▶ _ACTIVITY_: Your output should be the lines below from the one with "Ccla Website Design Notebook" through the one with "Maleta de pintura Minions 42 itens - Molin", copied exactly, pictures excluded.

▶ _EXTRACTED INFORMATION_:
───

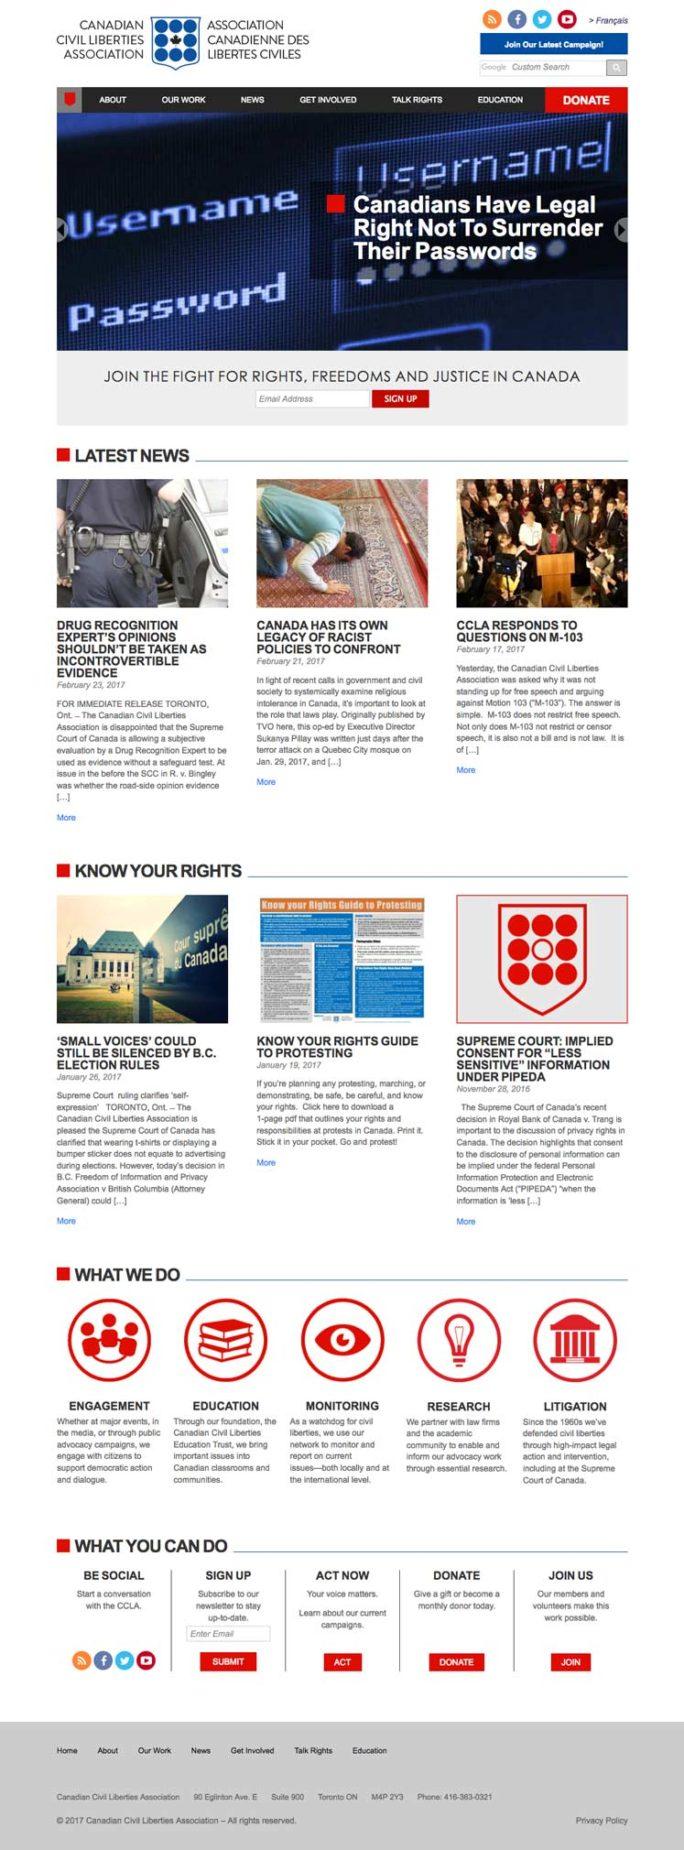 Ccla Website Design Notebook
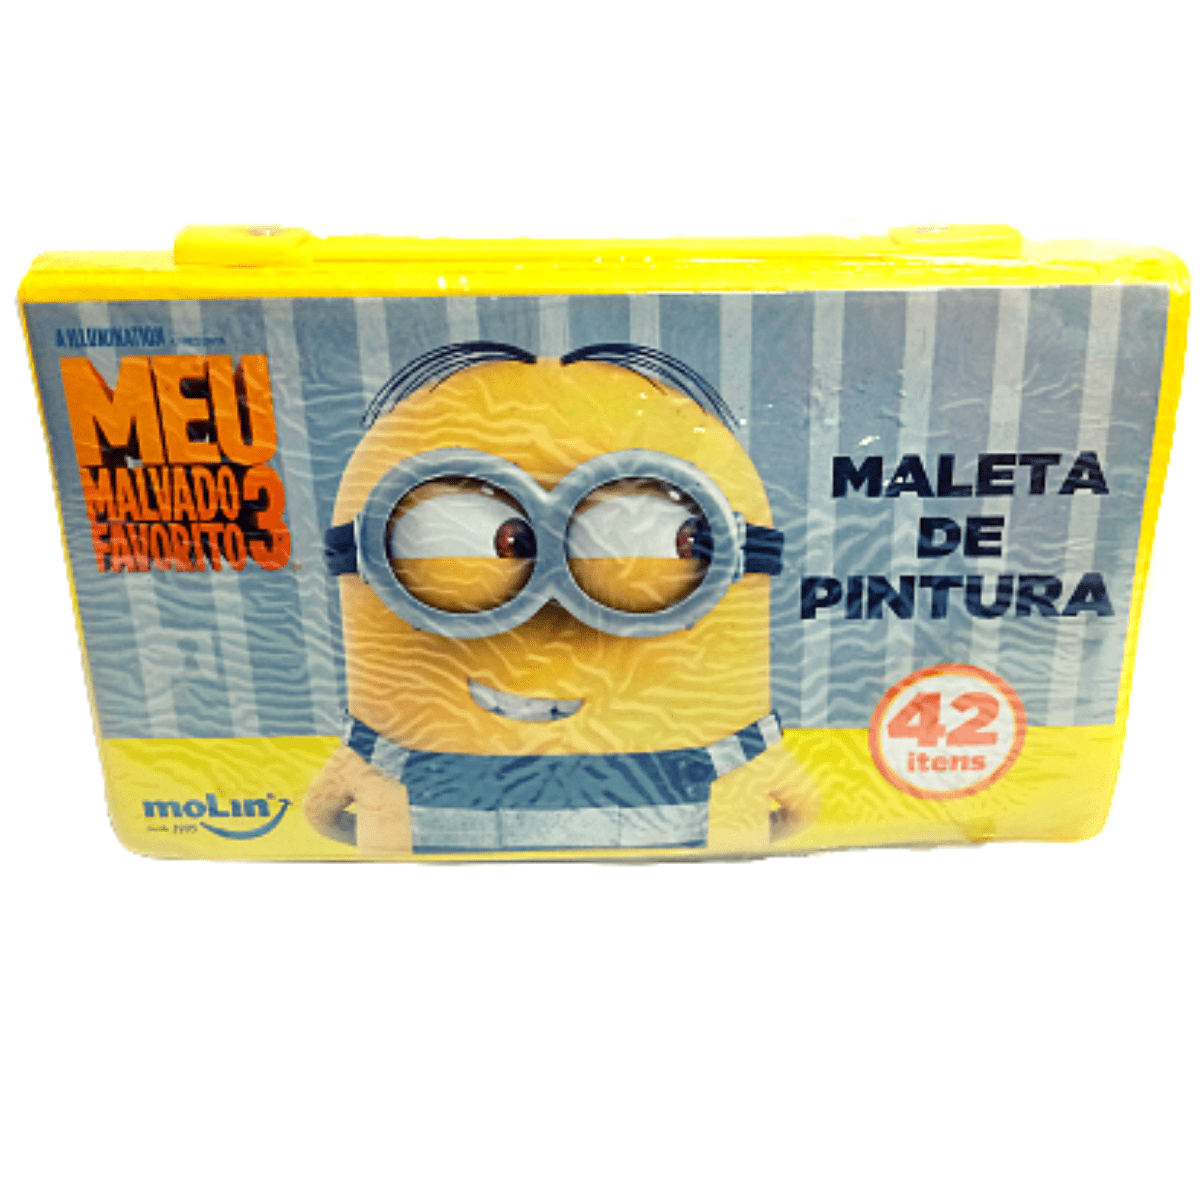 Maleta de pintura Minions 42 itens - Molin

───

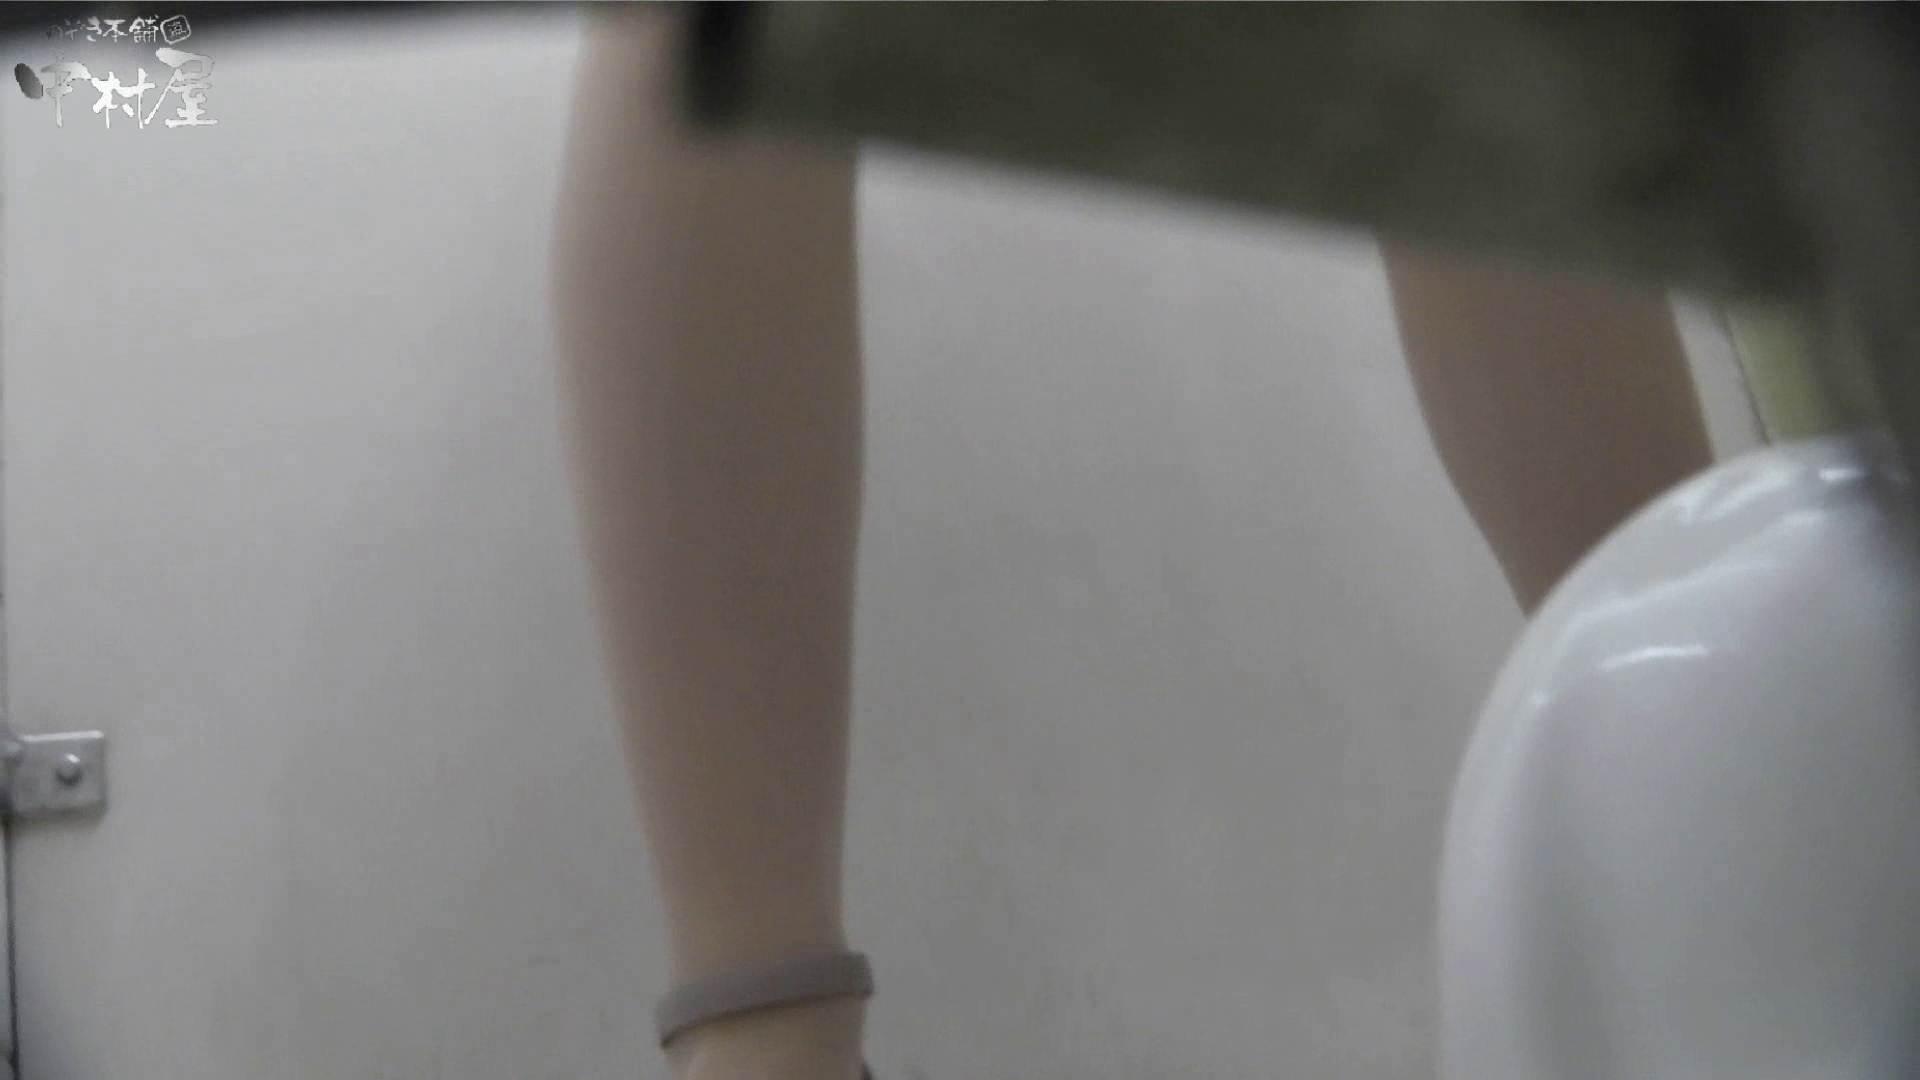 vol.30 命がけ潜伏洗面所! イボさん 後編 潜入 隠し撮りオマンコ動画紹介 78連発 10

───

▶ _RESULT OF THE TASK_:
 Ccla Website Design Notebook
 Maleta de pintura Minions 42 itens - Molin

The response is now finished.